Friday, September 6, 2013



Based on its title, you might think that The Book Thief is a spy thriller or a Holmes-style detective story.  But really, this is the emotional story of a young girl living in Nazi Germany during the Holocaust.  Yep, a ten-year-old girl is the title's thief.

The Book Thief was first published in Australia in 2005 and in the US in 2006. It's Australian author Markus Zusak's fifth novel, and it emerged on the scene when Zusak was only thirty years old. Winning a slew of awards, mostly in the Young Adult category, and selling at least a million copies,The Book Thief is monumentally increasing this young author's fame.

Liesel Meminger, a young German girl growing up in Nazi Germany, is the star of the show. She's also the chief book thief in the novel, which is narrated by Death. When Liesel's foster parents decide to give refuge to a young Jewish man hiding from the Nazi regime, the characters grow and change in horrible and beautiful ways.

Zusak took over three years to complete the piece and even went to Munich, Germany to research some of the finer points. He tackles all sorts of dicey issues concerning one of the most difficult topics ever – the Holocaust. This is the name for the large scale persecution and murder of some six million Jews along with other people considered "undesirable" by the Nazis.

Zusak's parents grew up in Germany during World War II and shared their stories of these times with Zusak. According to a review in the Guardian:

Zusak […] has said that writing the book was inspired by two real-life events related to him by his German parents: the bombing of Munich, and a teenage boy offering bread to an emaciated Jew being marched through the streets, ending with both boy and Jewish prisoner being whipped by a soldier. (source)

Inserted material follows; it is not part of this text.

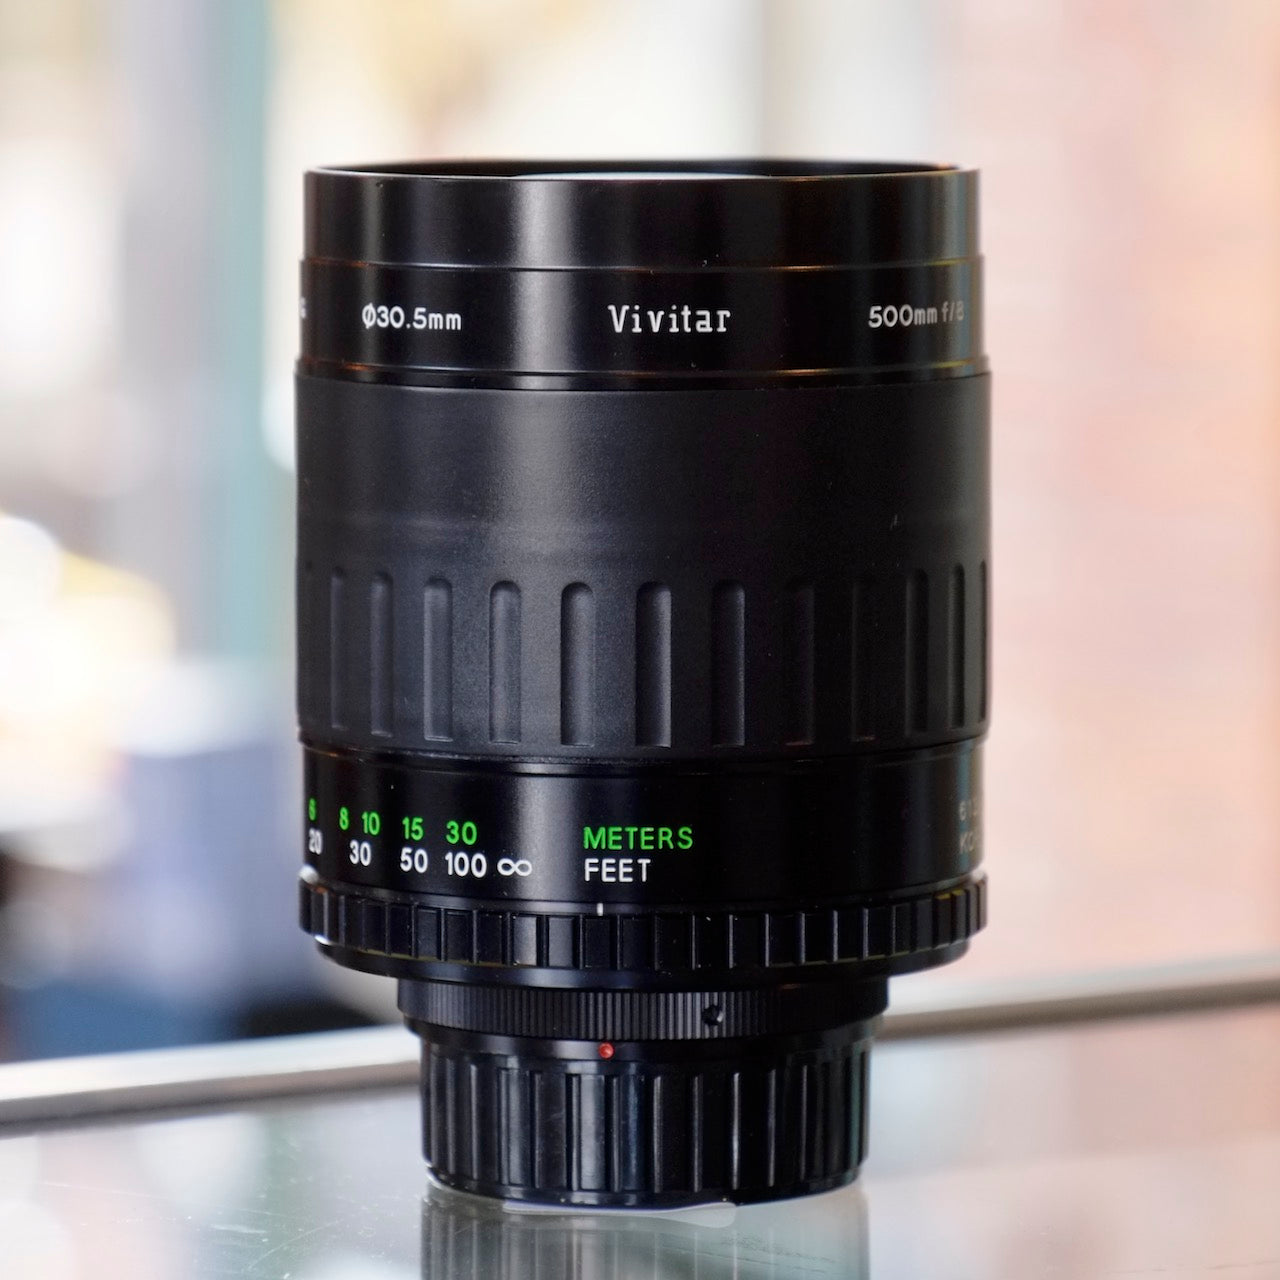 Vivitar 500mm f8 mirror lens for Nikon F mount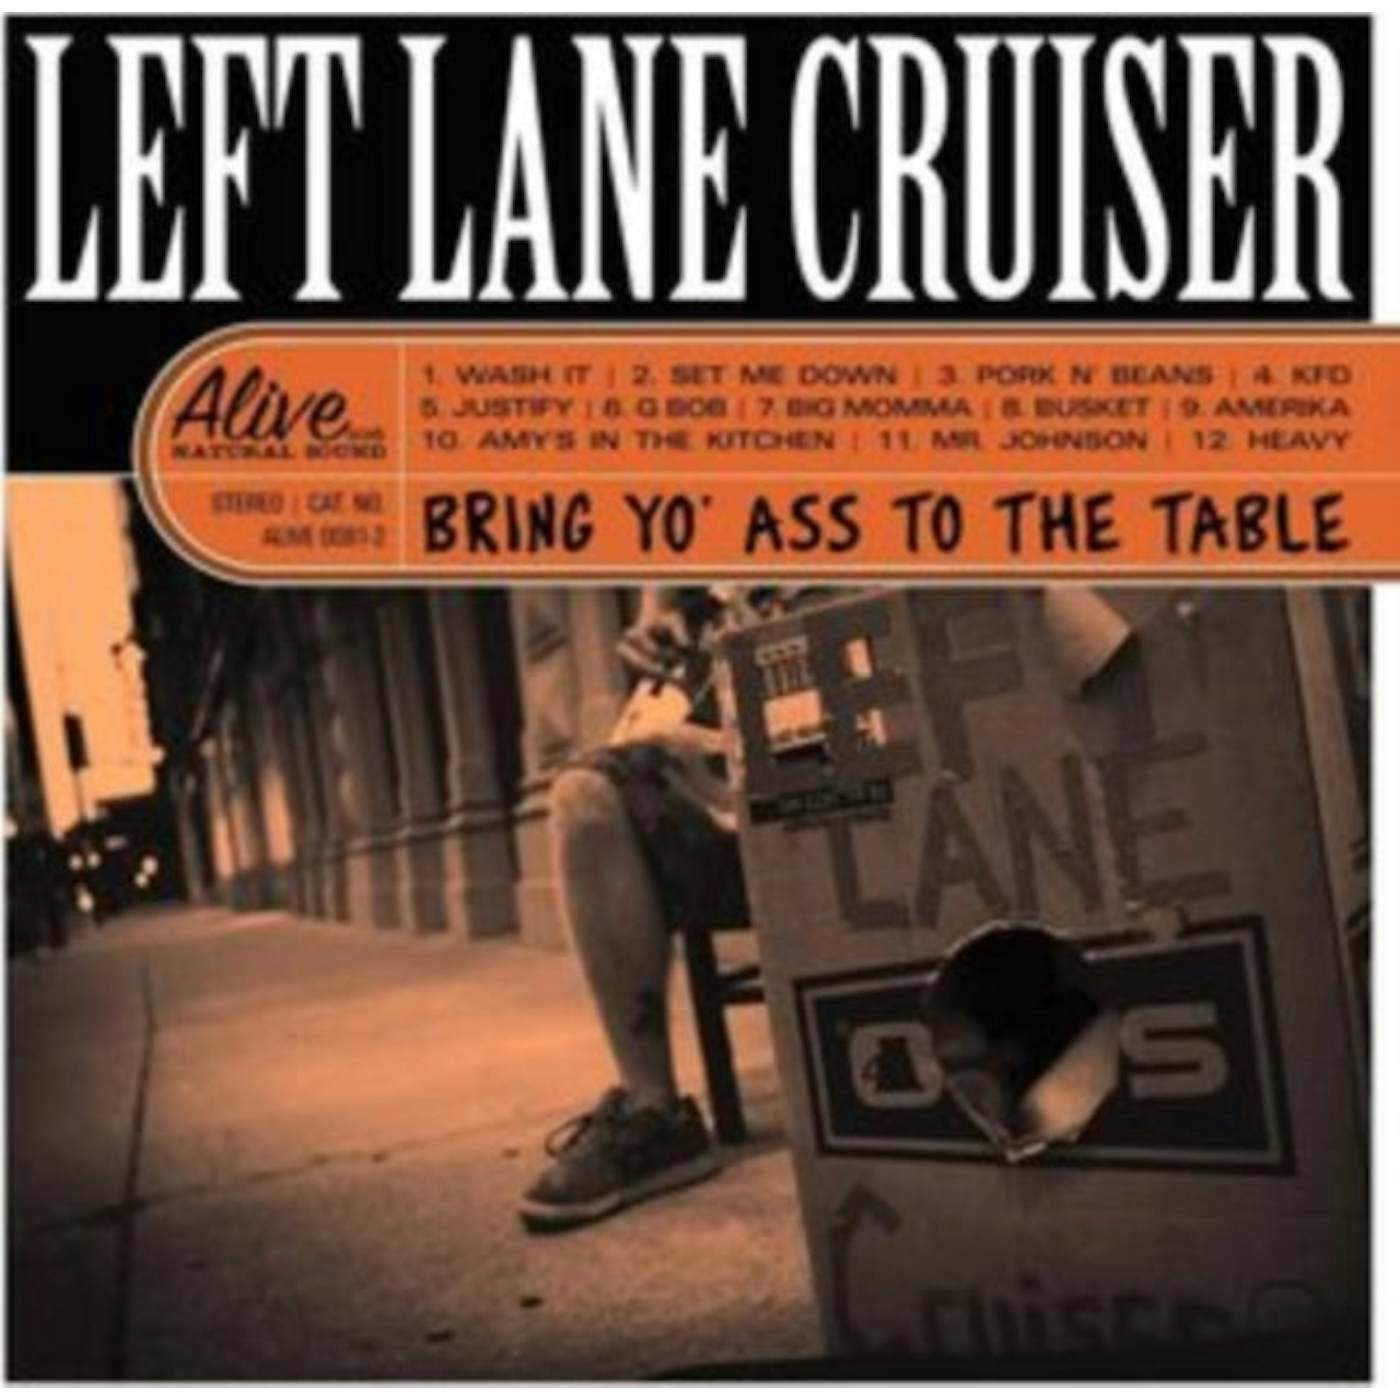 Left Lane Cruiser LP - Bring Yo Ass To The Table (Vinyl)

You'll see definite echoes of the whipping incident in several crucial points in the novel, and you can read more details about the story Zusak heard here. In interviews, Zusak discusses an additional inspiration for the novel – tales of a real book thief in Zusak's hometown of Sydney, Australia (source).

At times hilarious (believe it or not), at times heartbreaking, The Book Thief is rich and creative. It's a heartfelt reminder of the power of words – they can destroy or heal, depending on how we use them.